Thompson

James W. Thompson, Ed.D., CPA

James W. Thompson wrote the chapter entitled “Stewardship."

“Stewardship: Financial Control and Accountability,” chapter 12 in The Concise Guide to Catholic Church Management (Notre Dame, IN: Ave Maria Press, 2010)

Reviewed by Mark F. Fischer

The last chapter in the Concise Guide was written by James W. Thompson, Ed.D., CPA, Professor of Accounting and Taxation at St. John’s University. Entitled “Stewardship: Financial Control and Accountability,” the chapter considers the pastor as steward of the parish’s resources.

This distinguishes Thompson’s approach from that of Charles E. Zech in the chapter on stewardship in The Parish Management Handbook.  “Developing Stewards in a Parish Setting” is the title of Zech’s chapter.  It focuses on parishioners as contributors of their time, treasure, and talent.

Thompson focuses on the stewardship of the pastor.  He exercises his responsibility by using financial controls to minimize the chances of impropriety and fraud, and also by rendering a strict account of his oversight of parish finances.

Thompson begins with the concepts of financial literacy and internal financial controls. Pastors are not usually accountants, but they must understand the basic concepts of accounting in order to discharge their obligation as steward of the parish’s temporal goods. Equally important is the use of financial systems and reports to ensure that the goods of the parish are well maintained. Thompson does not advise pastors how to increase the parish’s income, but he shows them how their own good stewardship can increase parishioner confidence that the church’s temporal goods are being handled safely and securely.

Perhaps Thompson’s greatest contribution in this chapter is his endorsement of a three-document method for reporting on the parish’s financial well-being. Many pastors today are content to issue an annual “Balance Sheet,” showing that the parish’s yearly income corresponds to the amounts the parish actually spent. In the eyes of Thompson, however, the “balance sheet” approach is inadequate because it reveals neither all of the parish’s assets and liabilities nor the sources of parish income. So in addition to the Balance Sheet, he argues, the good pastor will also issue a “Statement of Activities” and a “Cash Flow Statement.”

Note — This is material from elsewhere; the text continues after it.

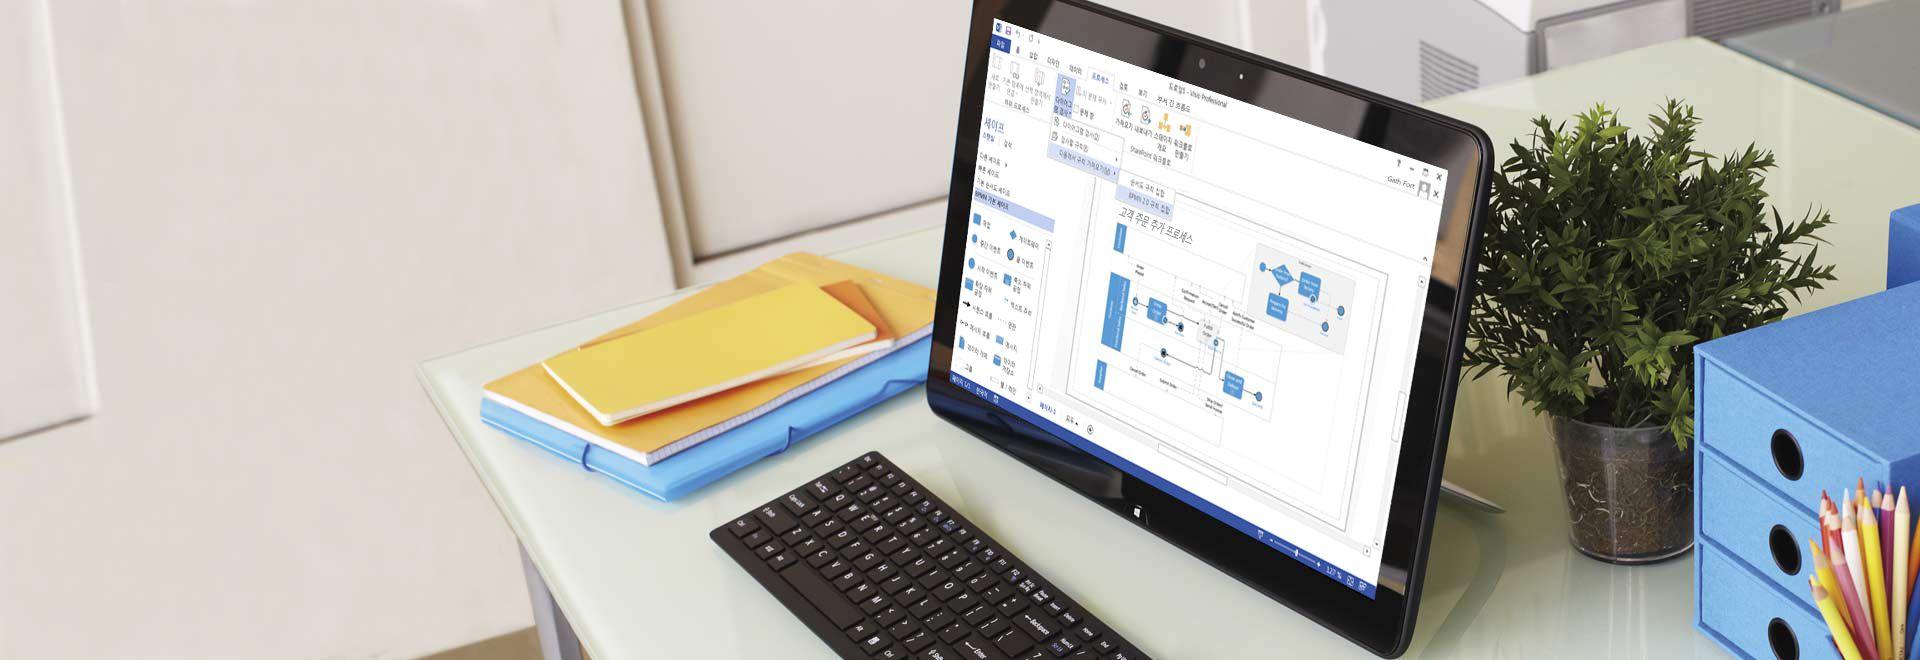 Visio Professional 2016의 프로세스 다이어그램을 표시하는 태블릿 컴퓨터가 있는 데스크

A true Balance Sheet, says Thompson, differs from a statement of income and activities. It is rather a one-time snapshot of parish assets and liabilities. When the snapshot was taken, the parish’s total assets equal its liabilities plus the remaining assets. For example, the money invested by the parish in the diocesan bank or investment pool may have increased by a certain percentage, but the entire investment is an asset, and the Balance Sheet should reflect it (and not merely what it earned in twelve months). To give another example, a loan to the parish or a mortgage is paid down little by little, but the entire loan or mortgage is a liability, and this entire sum belongs on the Balance Sheet (not merely what the parish paid on it).

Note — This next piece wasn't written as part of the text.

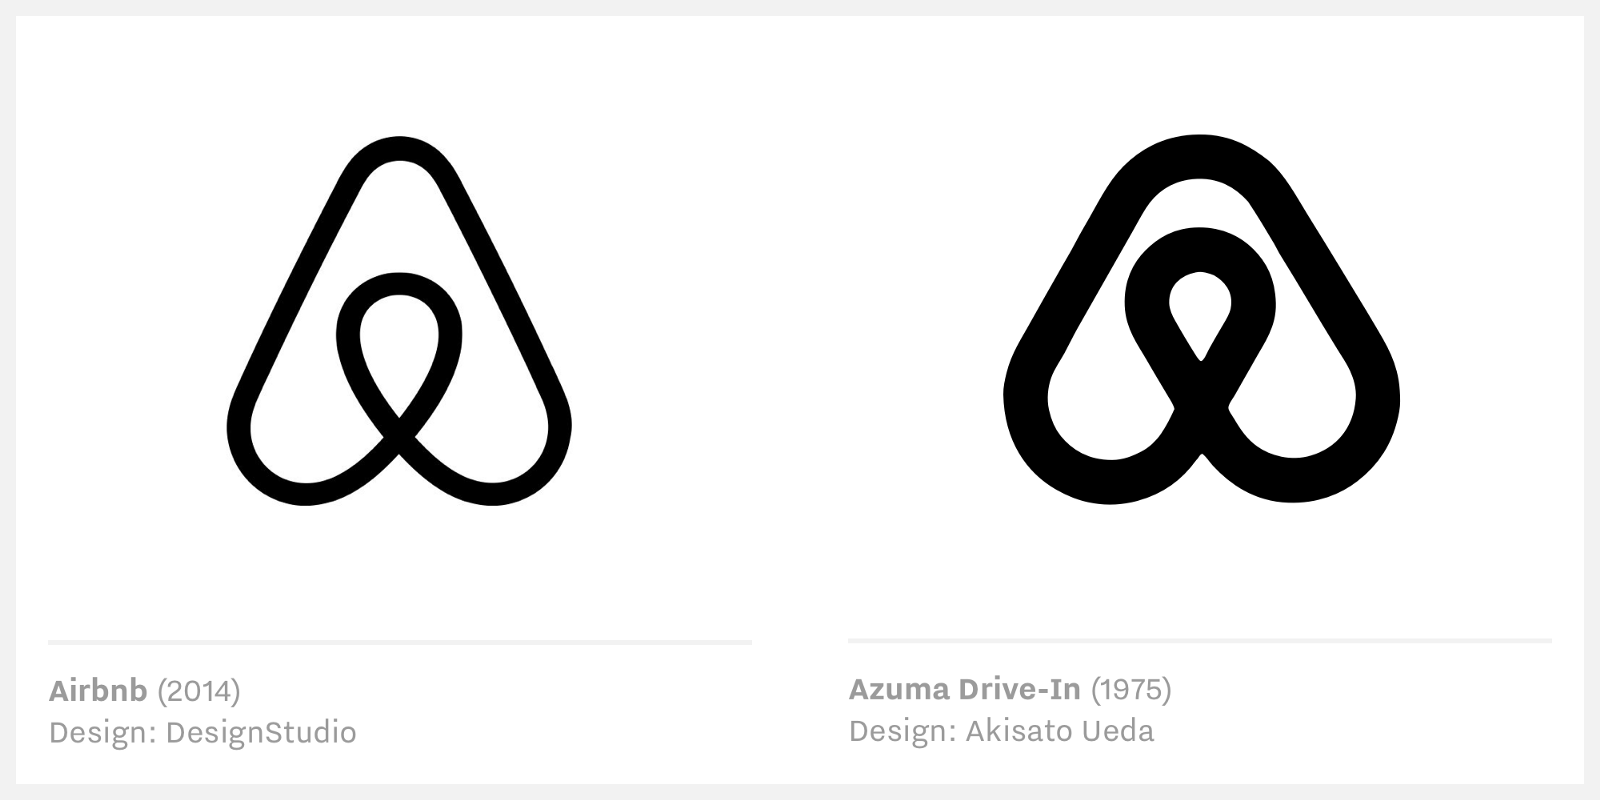 Airbnb vs Azuma Drive-In

By contrast to the Balance Sheet, the Statement of Activities shows financial differences over a period of time. In a given year, the parish earned something from its investments, and paid a certain amount on its loan or mortgage. The certain amount – i.e., the portion that was newly earned or recently paid off – should appear on the Statement of Activities (but not on the Balance Sheet). The statement will also show all other “activities,” such as income collected and salaries paid.

The third document that pastors ought to publish is the Cash Flow Statement. Thompson defines it as “information concerning the sources of cash and uses of cash” (242). The sources and uses may come from operations, from investing, or from financing. Thompson illustrates the differences this way:

Money could be borrowed from a bank in order to construct a parish hall. The income statement [i.e., the Statement of Activities] would not grasp this transaction. However, the cash flow statement would present the money spent on the parish hall as an investing activity and the money borrowed as a financing activity. (p. 243)

In other words, the Cash Flow Statement will distinguish between income from operations (e.g., parish collections) and income from loans.

To sum up, let’s consider all three of the documents recommended by Thompson:

  • The Balance Sheet will show the total amount the parish owes to its creditors and all of its material assets.
  • The Statement of Activities will show how much it paid on its loans or earned from its investments.
  • The Cash Flow Statement will explain how much was moved from the bank (financing) and spent on construction (investing in the parish plant).

With this three-document approach, Thompson recommends a sound accounting standard for parishes. Were his standard to be followed, parishioners would have a great deal more information about the financial health of the parish – and a lot more confidence in the pastor as chief parish steward.

It is a shortcoming of Thompson’s 29-page chapter, however, that he does not spend more time showing the consequences of the three-document approach. Instead, Thompson moves on (altogether too quickly) to further topics, such as the development of a financial team of bookkeepers, accountants, and auditors, and also to a discussion of financial controls. All of this is valuable, but not as valuable as a thorough exposition of the three-document approach, which sets a potential standard for parishes everywhere.